This article first appeared in the St. Louis Beacon, Nov. 20, 2010 - With traditional ritual, Pope Benedict bestowed a scarlet biretta - the red hat - on new Cardinal-deacon Raymond Burke, the former St. Louis archbishop this morning.
He now is a papal adviser and papal elector. Burke was one of 24 other new cardinals -- including the only other U.S. citizen, Washington Archbishop Donald Wuerl -- elevated in a two-hour ceremony called a consistory at St. Peter's Basilica. Both men now get Vatican passports so become dual nationals.
Wuerl was designated a cardinal-archbishop. indicating he is a shepherd of an archdiocese. Burke's title deacon refers to his administration role within the Vatican.

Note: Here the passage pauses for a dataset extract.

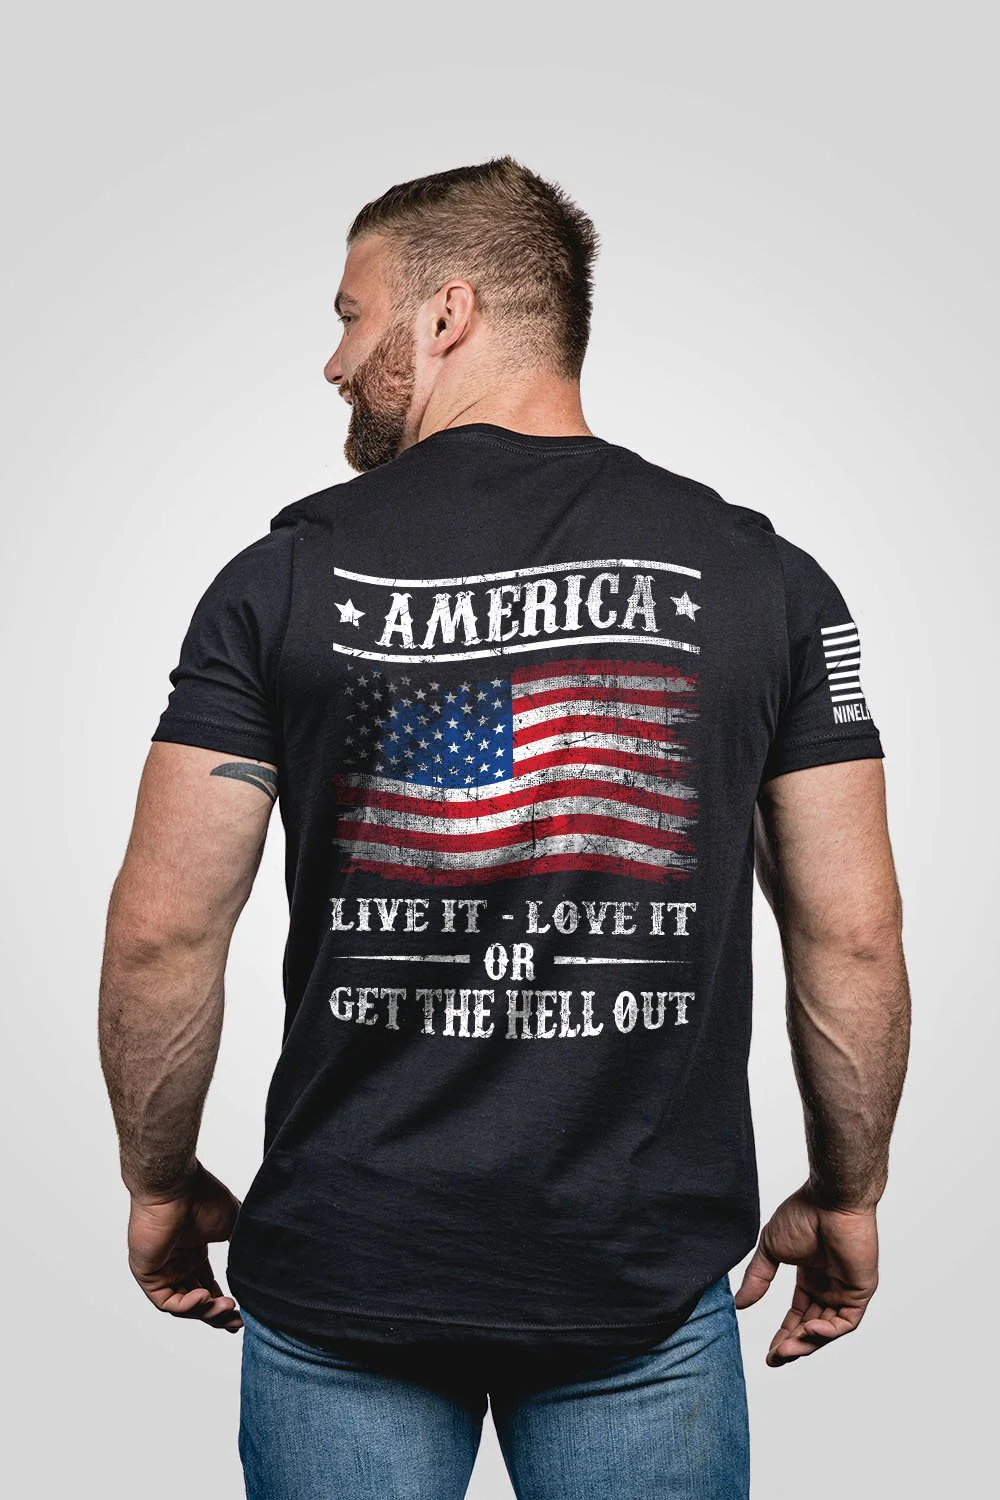 Nine Line Men's Get The Hell Out T-Shirt posted by ProdOrigin USA in Men's Apparel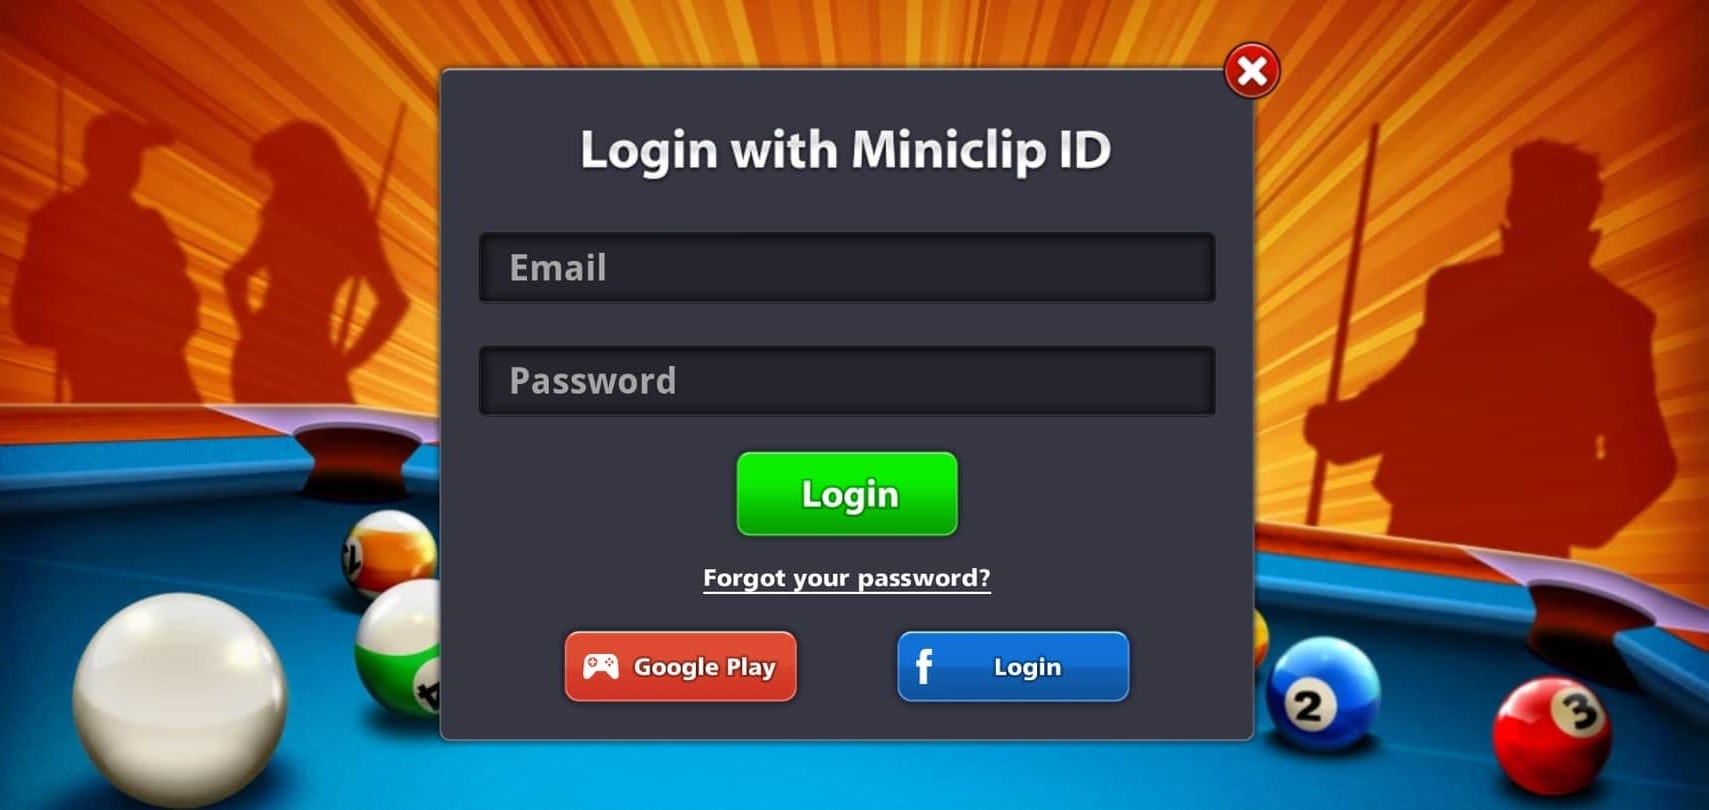 Creating a Miniclip ID using our email address is longer possible

In the pope's address to the men in their brand new scarlet robes he called cardinals his "senate." For more than eight hours on Friday, the established cardinals and the 24 who entered their ranks today had a session with the pope on various concerns and missions of the Catholic Church.
As of this morning, there are 203 cardinals world wide. Only 121 of them are under 80 and able to vote should the chair of St. Peter, the papal seat, be vacated by Benedict's death.
"Cardinal Burke looks so happy, really overwhelmed that so many of his friends had come to Rome for him," said Niall Gannon, a member of Mary Queen of Peace Parish in Webster Groves who with his wife, Gretchen, were among the friends of Burke from St. Louis and his native La Crosse, Wisc., to attend the ceremony. Gannon spoke to the Beacon in a phone interview.
"We have been told that there are more than 500 people here for Cardinal Burke" he said. The large group went immediately after the consistory to a luncheon reception in Burke's honor at the Pontifical North American College, a seminary residence that is on a high hill directly overlooking St. Peter's Square.
Just in time to be fitted for his new scarlet wardrobe of form-fitting cassocks and other custom-made liturgical garments, Burke has dropped sizes.
"He looks wonderful. He's lost 34 pounds and looks about 25 years old, " Gannon, 42, said. Gannon headed the 2008 Archdiocesan Appeal, the St. Louis Archdiocese's major annual fundraiser.
After it topped its goal, Burke bestowed the Order of St. Louis on Gannon. The Gannons and their grade-school children visited Burke one other time since he was transferred to Rome. That time Burke welcomed them to his apartment inside the Vatican, celebrated Mass at home for the family and served them dinner. Gannon is a money manager for the Gannon Group, his wife is a fashion consultant to the Carol Anderson's Cabi fashion line. Gannon wore the Order of St. Louis Medal for the first time in public to the consistory.
At the reception Burke reached out, smiled and touched the medal.
The pope assigns each cardinal a church to celebrate Mass when in Rome. The cardinal also oversees and often fund raises for it. The pope assigned Burke Sant Agata dei Goti, a church built in 460 to honor the early martyr St. Agatha. The 5th century building was expanded in its second millennium with it grand renovations in 1729, giving it its appearance today of an Italian Baroque church.
In anticipation of his elevation to cardinal, Burke gave the pope's own Vatican Radio an interview in which he criticized other bishops for not stressing the theme for which Burke was best known from his first week he was in St. Louis -- Catholics who approve of abortion rights giving scandal by publicly talking or voting for that right.
"On the question of a person who publicly and obstinately espouses the right of a woman to choose to abort the infant in her womb receiving Holy Communion strikes me as something very clear," he told Vatican Radio. "In the 2,000 years of the Church's tradition, She's always firmly held that a person who is publicly and obstinately in grave sin should not approach to receive Holy Communion and, if she or he does, should be denied Holy Communion."
"It is discouraging that either members of the Church claim not to understand this or they claim that in some way there is an excuse for someone who is publicly and obstinately in grave sin to receive Holy Communion," Burke said.
The St. Louis pilgrims to Rome, about 130 of them, will also celebrate at two more dinners and attend a Papal Mass with the pope and new cardinals at St. Peter's on Sunday. Most then will tackle airport crowds as they return for Thanksgiving back in St. Louis.
Patricia Rice is a freelance writer who covers religion for the Beacon.